There are literate and readable modes, but you'll rarely have a chance to use them. As I'll explain later, if you want to read a file and then write to the same file, it's better to take a different approach.

File name

The file name can be specified as an absolute path or a relative path. The absolute path is the full name of the file, such as "c:\foo\bar\data.txt" (Windows) or "/foo/ba/data.txt" (Unix). ..

The relative path is the path from the current directory, and if the current directory is "c:\foo", the relative path will be something like "bar\data.txt" (Windows). Relative paths do not start with "\" or "/".

It is best to specify the file name with an absolute path. This is because if you move the current directory in your program, you may unintentionally point to a different file if it is a relative path. Also, if your program doesn't start from the command line, you may not know where the current directory is.

Regarding the file name delimiter, you can use the "/" delimiter even in Windows. Even if you write "c:/foo/bar/data.txt", the open function works correctly. Also, functions other than the open function that receive a file name will work correctly even if the delimiter is "/" (for example, unlink or glob).

How to use Japanese file names

You can use Japanese file names in Perl, but you must always specify the file name with the character code of each OS.

Save the source code in UTF-8 and add "use utf8 " at the beginning. Use the encode function to convert to the character code of each OS.

use utf8;
use Encode 'encode';

my $file = "aiueo";

# For Windows
open my $fh, '<', encode('cp932', $file);

# For Linux
open my $fh, '<', encode('UTF-8', $file);

# For Mac OS X
use Encode::UTF8Mac;
open my $fh, '<', encode('' utf-8-mac'', $file);

Note that Mac OS X is stored in a special UTF-8, not a simple UTF-8. Use Encode::UTF8Mac module.

The following explanation is detailed about the handling of Japanese.

Exception handling

If the file open fails, it means that the migration cannot do the right thing. Therefore, in general, it is necessary to notify that the file open has failed and terminate the program. In such a case, use the die function to raise an exception. Specify the message you want to notify in the first argument of the die function.

die message;

If the file open fails, the following message will be displayed. A message is displayed that includes the line number where the exception occurred.

Can't open file "data.txt": No such file or directory at a.pl line 6.

What to include in the exception message

The exception message should include the following:

  1. What you want to tell the user
  2. The content of the message notified by the OS when the system call fails (set to $!)
die qq/Can't open file "$file":$!/;

"Can't open file" $file "" tells the user that the file open failed. Also, predefined variable called $! Is set to the content of the message notified by the OS when the system call fails. Please include the exception message.

For a detailed explanation of exception handling, see the following article.

Read file

If you open the file in read mode, you can read the contents from the file.

# Open in read mode
my $file = 'data.txt';
open my $fh, '<', $file
  or die qq/Can't open file "$file":$!/;

Use line input operator to read the file line by line.

# Line input operator
<File handle>

Use while statement to read the lines line by line. The following is an example of outputting all lines to standard output (screen).

while (my $line = <$fh>) {
  print $line;
}

The line input operator reads one line and assigns it to a variable called $line. This is done to the end of the file using while statement.

The line input operator returns an undef when it reaches the end of the file, so it escapes while statement at the end of the file.

File close

Close the file after reading or writing to it.

Use close function to close the file.

close $fh;

Especially when writing to a file, the contents written to the file are completely reflected (flash) during the close process, so close is an important process.

Write to file

Next, let's write to the file.
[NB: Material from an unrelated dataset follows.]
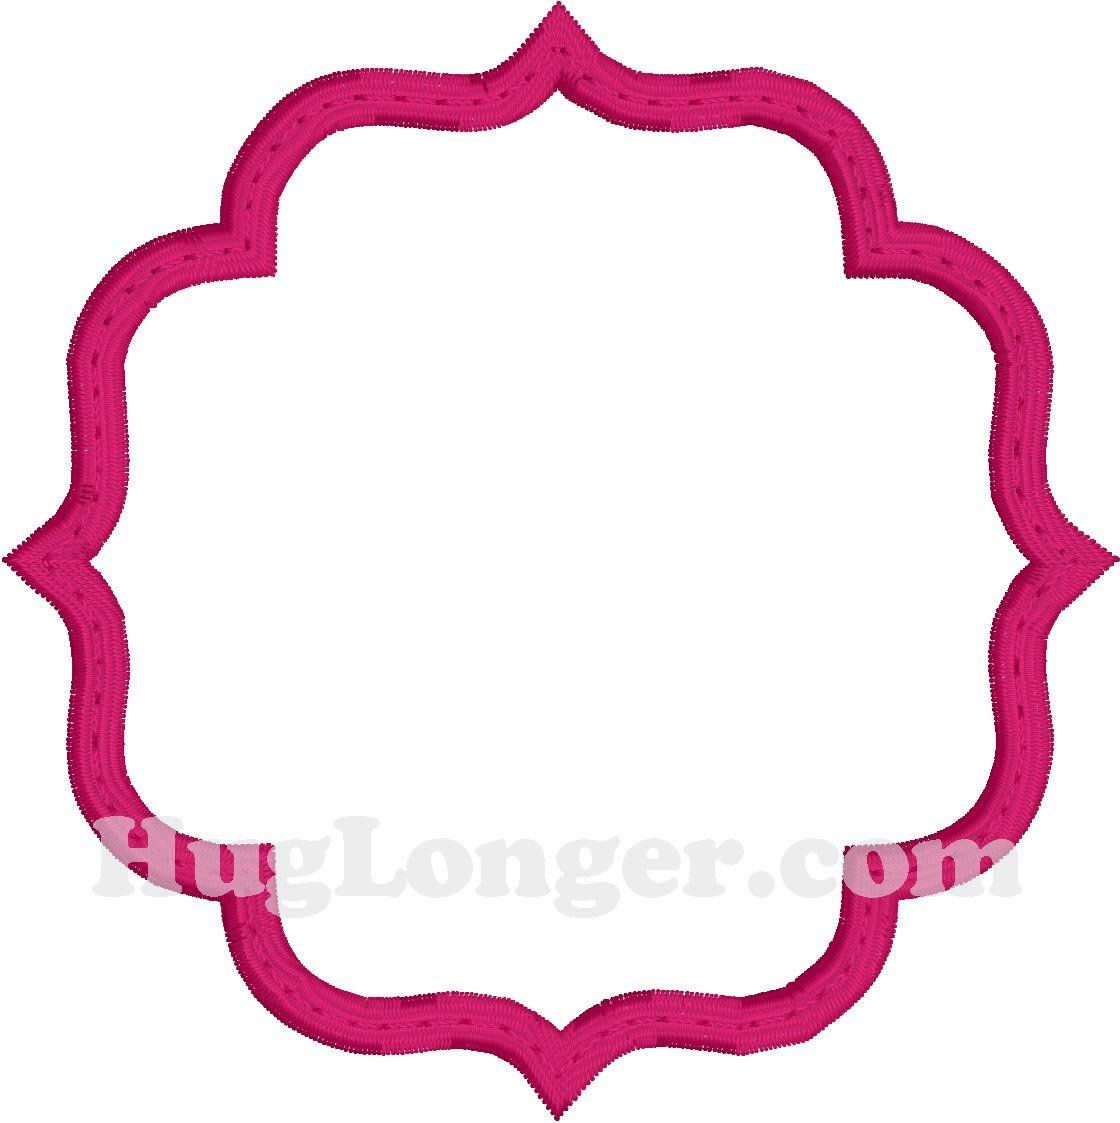 Applique Decorative Frame HL2197 embroidery file | machine ...
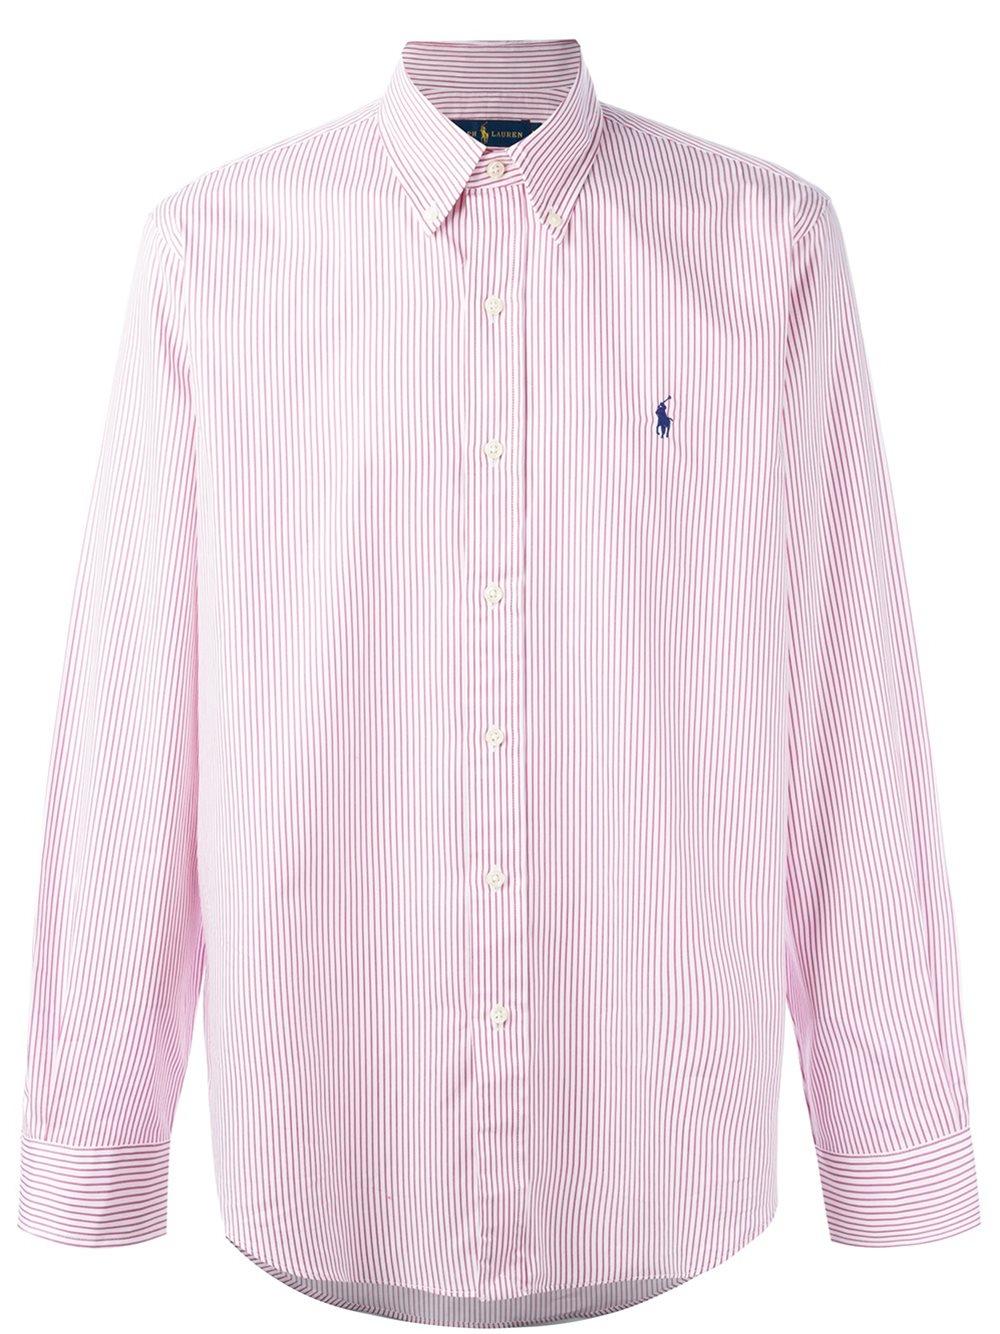 Lyst polo ralph lauren striped button down shirt in for Striped button down shirts for men

To write to a file, first open the file in write mode">".

# Open in additional write mode
my $file = 'data.txt';
open my $fh, '>', $file
  or die qq/Can't open file "$file":$!/;

Use print function to write a string to the file.

print file handle string

Note that there is no comma between the filehandle and the string (one of the confusing and error-prone parts of Perl).

my $str = "Hello\n";
print $fh $str;

After writing, close the file. In the case of writing, writing to the file is completed when close is performed, so it is safe to add exception handling.

close $fh or die qw/Can't close file "$file":$!/;

You can see that the string "Hello" is written in data.txt.

Additional writing to file

Let's do additional writing to the file. To write to a file, first open the file in the additional write mode">>".

# Open in write mode
my $file = 'data.txt';
open my $fh, '>>', $file
  or die qq/Can't open file "$file":$!/;

Use the print function to write a string to a file.

my $str = "Hello\n";
print $fh $str;

After writing, close the file. In the case of writing, writing to the file is completed when close is performed, so it is safe to add exception handling.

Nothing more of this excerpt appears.